После на удивление мягкой посадки всех приглашенных подхватила теплая волна Иванова гостеприимства. Как положено, их поселили в бывшей обкомовской гостинице, а кормили в самом пристойном ресторане города, обильно и часто.
С обкомовской гостиницей у Ефима сразу не задалось. Сел не в свои сани, наверное. По приезде он немедленно приступил к тезисам завтрашнего доклада. Тут же зазвонил телефон.
— Чем занимаетесь? — поинтересовался приветливый женский голос.
Ефим попытался отождествить его с образами встречавших делегацию оргкомитетовских дам, но не смог.
— Тезисы пишу. На завтра, — ответил он.
— Так поздно?
— Что поделать? Надо.
— Могу ли чем-то помочь? — игриво спросила «оргкомитетовская» дама.
— Вряд ли, — ответил Ефим. Однако тут же подумал, что местные данные ему бы не помешали. — А вы в чем специализируетесь?
На том конце трубке произошло некоторое замешательство. После раздумья девушка твердо ответила:
— Я могу все.
Но Береславский уже за секунду до ее заявления определил девушкину специальность. Он засмеялся и положил трубку, чтоб вновь приступить к своим многотрудным изысканиям.
Не успел сосредоточиться, как телефон опять зазвонил.
Следующая девица не церемонилась:
— Мужчина, не желаете хорошо провести вечерок? — И, неверно оценив заминку, добавила: — Совсем недорого.

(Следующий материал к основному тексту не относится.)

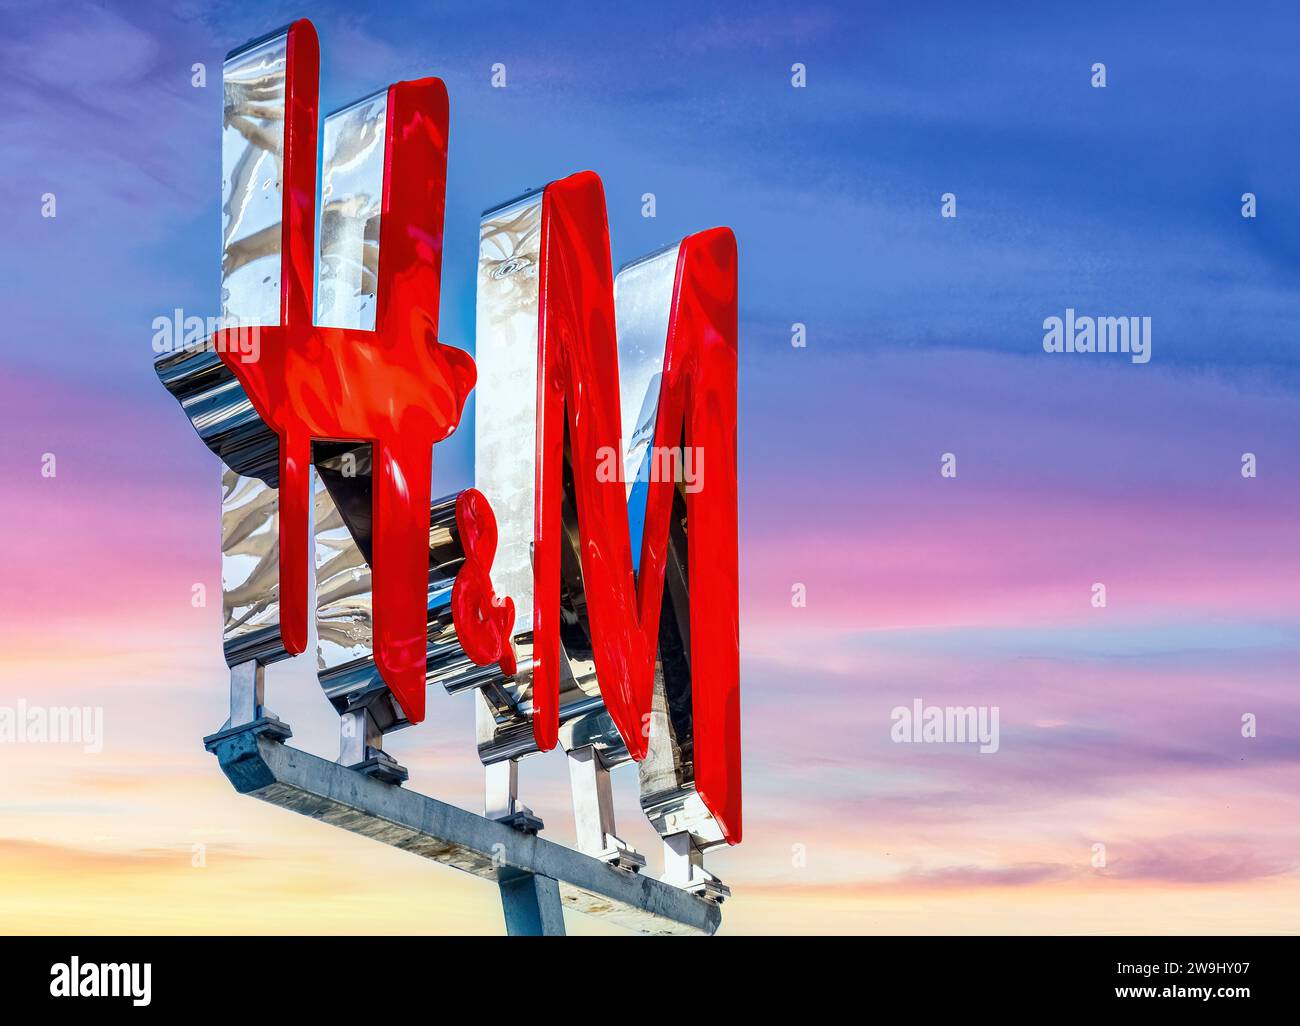 Toronto, Ontario, Canada-September 6, 2019: H&M red store sign: A Swedish multinational retail-clothing company, known for its fast-fashion clothing f Stock Photo

Ефим бросил трубку на рычаг. Потом было еще два звонка с аналогичными предложениями. Береславский был в бешенстве: больше всего на свете он не любил, когда его отвлекали от работы, которую все равно необходимо выполнить. Поэтому, когда постучались прямо в дверь номера, он встал и пошел убивать. Распахнув вандаммовским жестом дверь, Ефим, как и ожидал, обнаружил за ней даму. Единственно, что поломало заложенную программу, — вид девушки. Она, конечно, неплохо выглядела для своих пятидесяти пяти, но все же необычно для работниц этого направления. Кроме того, секс-ветеранша держала в обеих руках по авоське с продуктами.

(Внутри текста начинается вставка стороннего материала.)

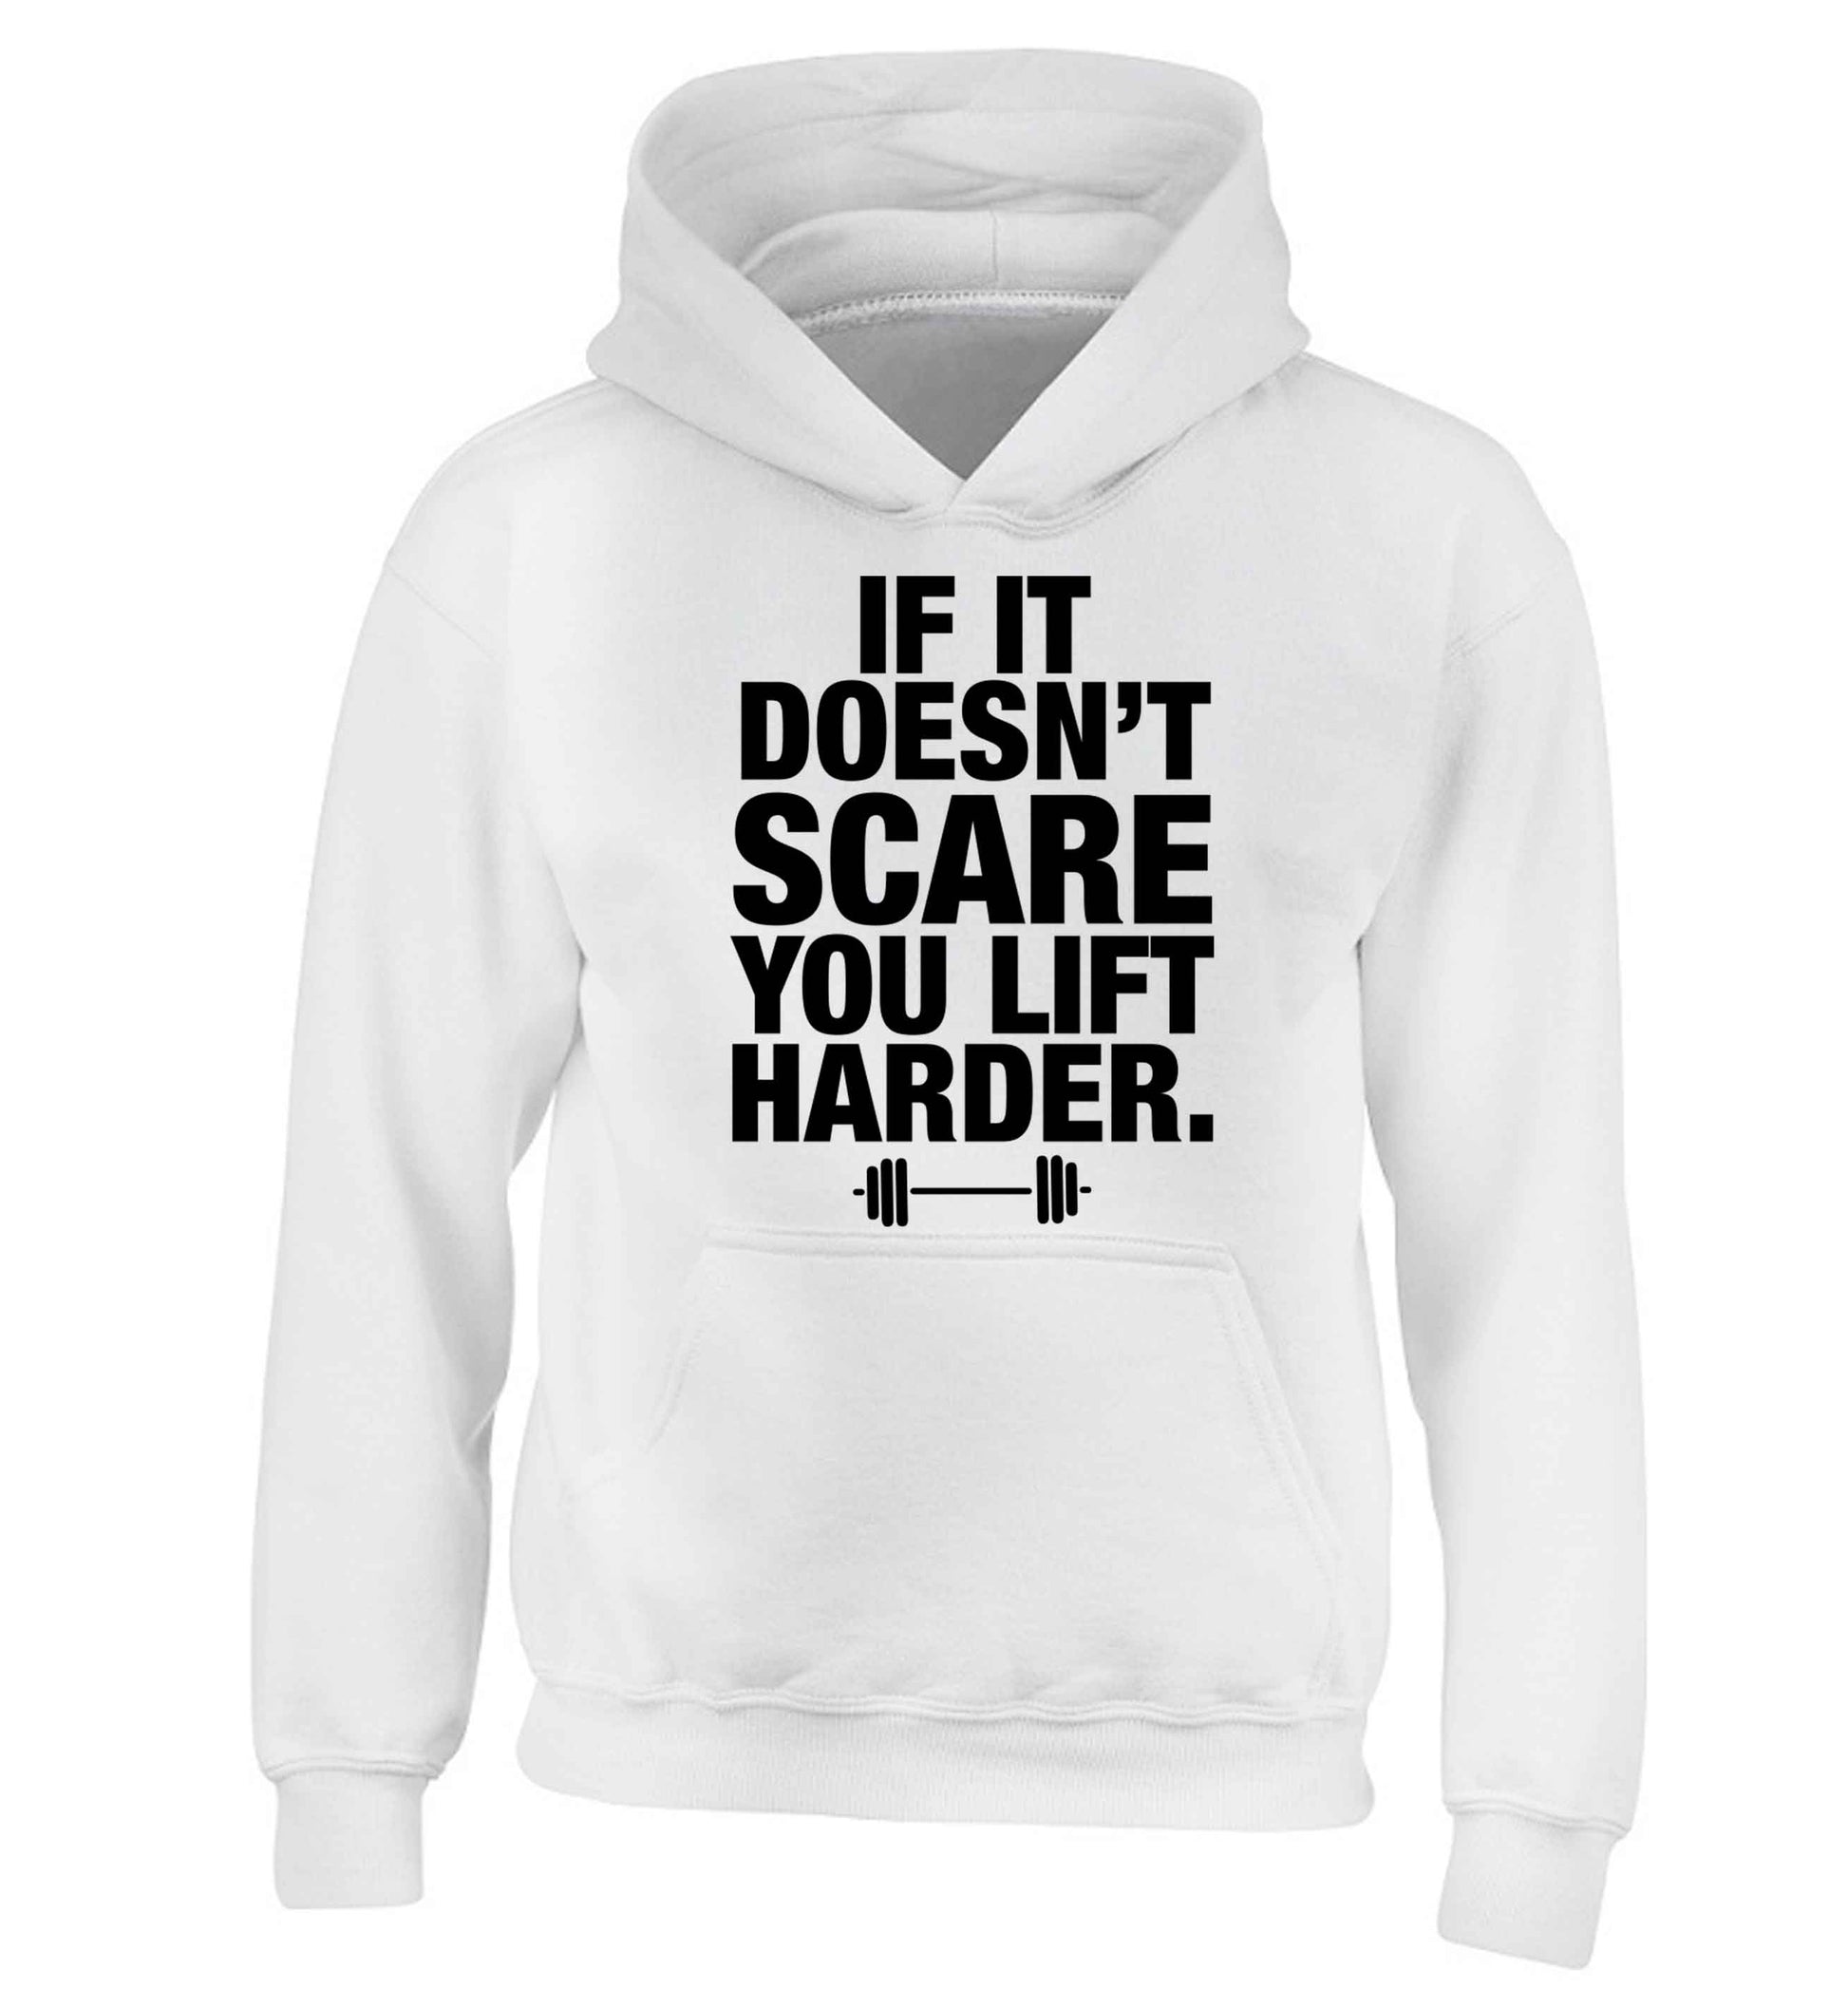 If it doesnt' scare you lift harder children's white hoodie 12-13 Years

Женщина не поняла, чем навлекла гнев столичного гостя, однако на всякий случай выпалила заранее заготовленную фразу:
— Я из оргкомитета.
Береславский расхохотался, не объясняя и без того напуганной даме причину своего веселья. Кстати, до того как он заснул, нимфы звонили еще трижды, но накал ситуации был уже пережит.

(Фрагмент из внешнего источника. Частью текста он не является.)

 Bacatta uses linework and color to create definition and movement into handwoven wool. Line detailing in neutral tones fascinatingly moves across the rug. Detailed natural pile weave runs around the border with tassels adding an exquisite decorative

Еще раз посмеялся Ефим на следующий день. Корреспондентка местного радио вознамерилась взять у него интервью. Ан не тут-то было! Суровые стражи прохода не пустили девушку к Береславскому. Ефим возмущенно поведал им о ночных атаках проституток. Охранники оскорбленно закатывали глаза: в обкомовской гостинице это невозможно! В воздухе ощутимо запахло Кафкой. Наконец более умная (по сравнению с Ефимом) корреспондентка отослала его в номер, а через пять минут пришла туда и сама. Береславский понял, что есть области, в которых он безмерно усложняет проблемы, вместо того чтобы их односекундно закрывать.
Но речь не о девушках легкого поведения, а об Иване, человеке новой формации. Он прошел все этапы рекламной профессии: агент, социолог-интервьюер, менеджер, полиграфист. И еще чертову уйму. Все это — за пять лет. А самое главное — профессия радовала его чрезвычайно.
Ефима поражало не только то, что, казалось, Иван раздваивался и растраивался одновременно. Самое главное, он все время улыбался. Конечно, и потому, что это — вежливо. Но прежде всего — потому, что рабочая кутерьма ему была в кайф. Береславский был абсолютно уверен, что именно с таких людей — умеющих работать, любящих работать, и, что не менее важно, веселых! — начнется то самое возрождение страны, о котором так долго говорят все без исключения российские политики. Поэтому Ефим относился к Ивану не только как к человеку, но и как к явлению.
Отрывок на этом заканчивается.